Мы оставили его за столиком, ушли в бельевое отделение – и больше его не видели. Вернулись, нашли столик пустым, обегали все этажи, но так как у Вертгейма миллион закоулков – пришлось махнуть на поиски рукой, надеясь на то, что каким-нибудь образом добрался Митя до нашей гостиницы и ждет нас в номере.

Увы! Его не было там; он не пришел и вечером; не пришел на другой день. Мы заявили полиции, сделали публикацию в трех берлинских газетах – о Мите не было ни слуху, ни духу. А на третий день нам уже нужно было ехать дальше, в Дрезден. Мы оставили консулу некоторые распоряжения, немного денег и, полные мрачных предчувствий и грусти – уехали. Что же делал Митя?

Оставшись один, он выпил кружку пива, потом еще одну, и еще; мир показался ему светлым, радостным, а люди добрыми и благожелательными.

– Пока мои хозяева вернутся – пойду-ка я полюбуюсь на магазин. Я думаю, они не рассердятся.

Он нацарапал карандашом на мраморном столике (мы не заметили тогда этой надписи):

«Немножко я погуляю пока звините скоро завернусь пейте хорош, пиво Саветую. Прият, опетита. Ваш слу. Митя».

После этого Митя принялся бродить по галереям, спускаясь с каких-то лестниц, подымаясь куда-то на лифте и заглядывая во все закоулки.
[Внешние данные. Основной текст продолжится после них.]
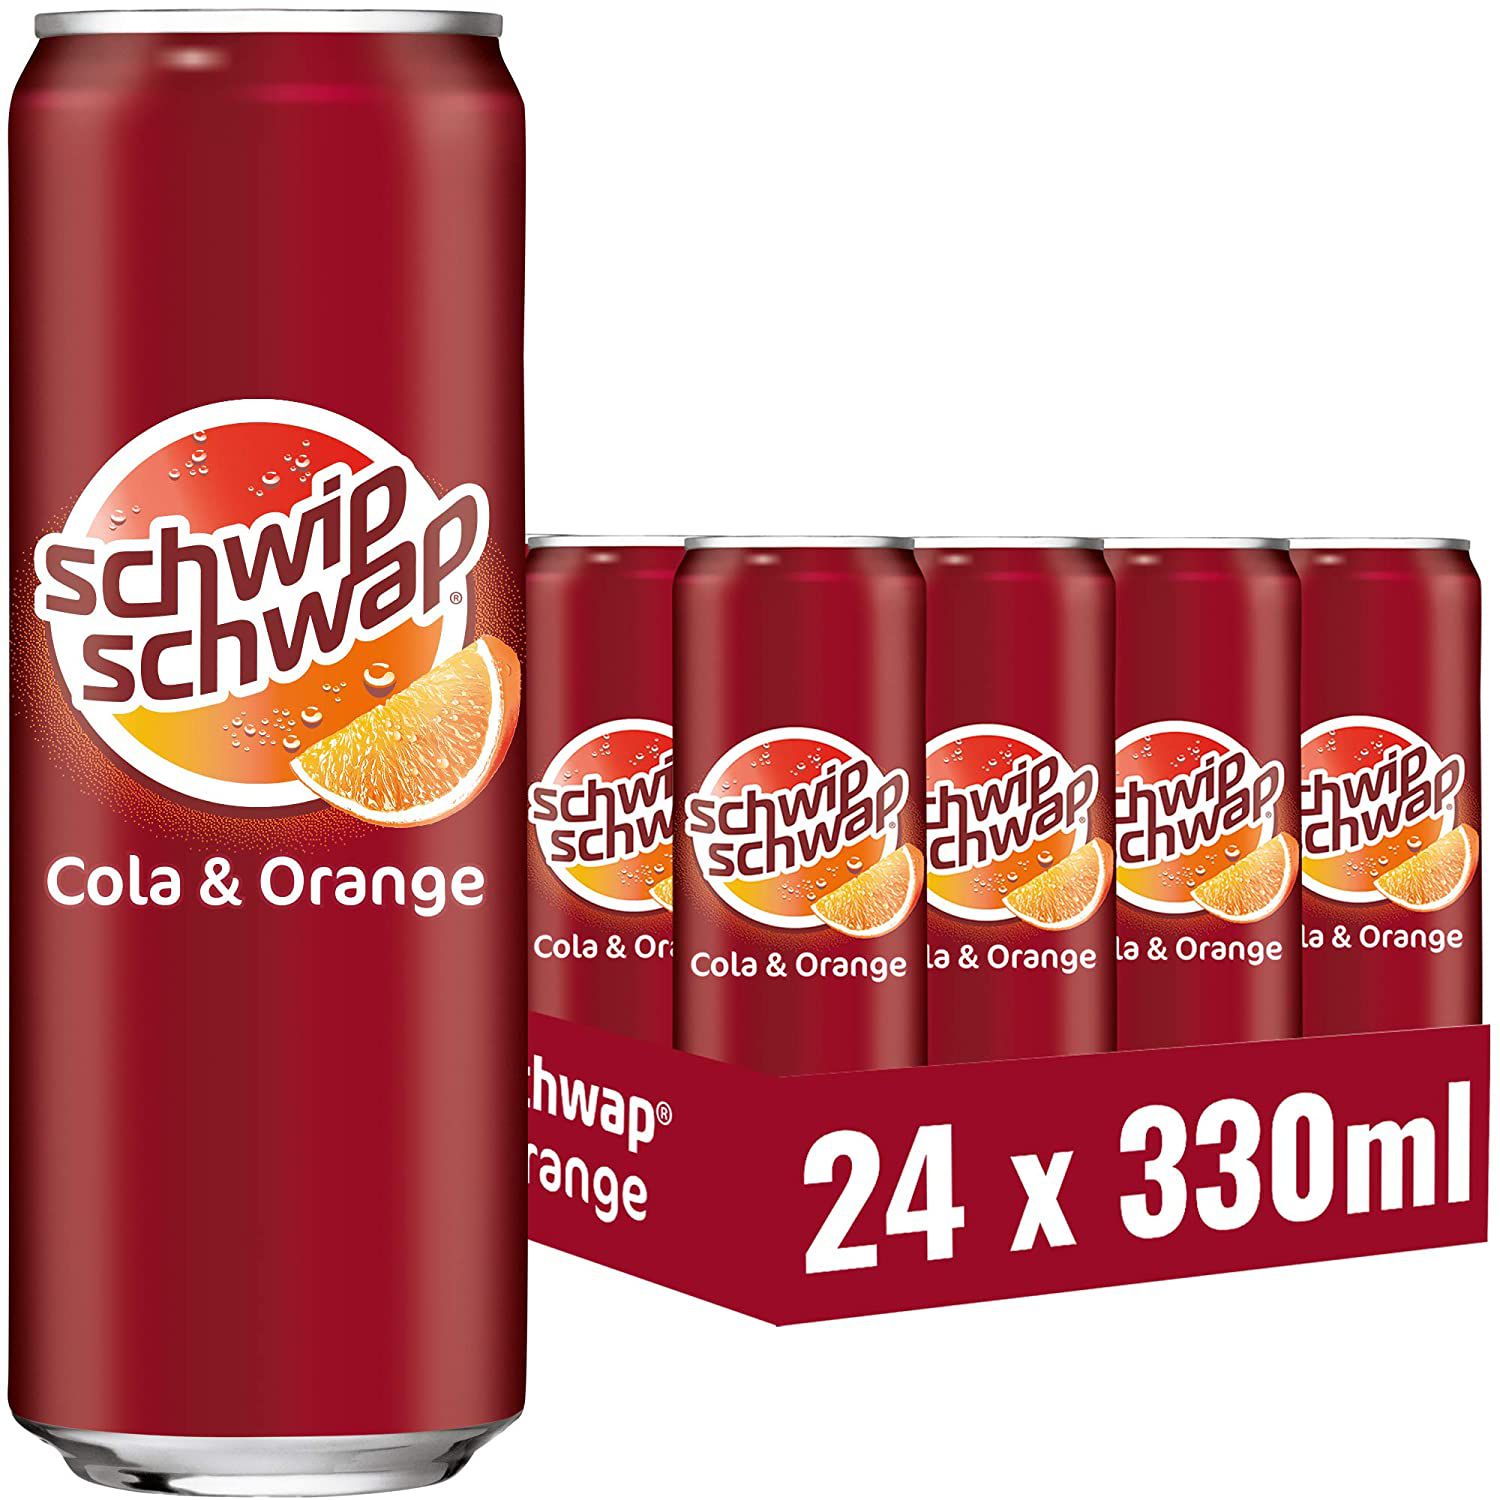 24x Schwip Schwap koffeinhaltiges Cola Erfrischungsgetränk mit Orange für 10,99€ + 6€ Pfand

Не прошло и получаса, как Митя должен был убедиться, что он заблудился. Он искал ресторан – ресторан как в воду канул.

Он остановил какого-то покупателя, с целью спросить, где ресторан, но тут же вспомнил, что не знает, как по-немецки ресторан…

Хмель выскочил из головы, и Митя почувствовал, что тонет.

У него было два выхода: или найти нас, или отправиться в гостиницу; но второе было неисполнимо – он не знал названия гостиницы.

Всему виной было его неуместное франтовство. Предусмотрительный Крысаков по приезде в Берлин заставил Сандерса изготовить следующий плакат на немецком языке для ношения на груди:

«Добрые туземцы! То, на чем навешен этот плакат, принадлежит нам, четырем чужестранцам, и называется слугой Митей. Если он потеряется – доставьте этого человека Отель Бангоф, № 26. Просят обращаться ласково; от жестокого обращения хиреет».

Плакат был составлен очень мило, наглядно, но, как я сказал выше, в Митю вселился бес франтовства: он категорически отказался от вывешивания на груди плаката.

– Почему же? – увещевал его Крысаков. – Хочешь, мы сделаем приписку, как в скверах: «волос не рвать, на велосипедах по нем не ездить».

Митя отказался – и теперь жестоко платился за это.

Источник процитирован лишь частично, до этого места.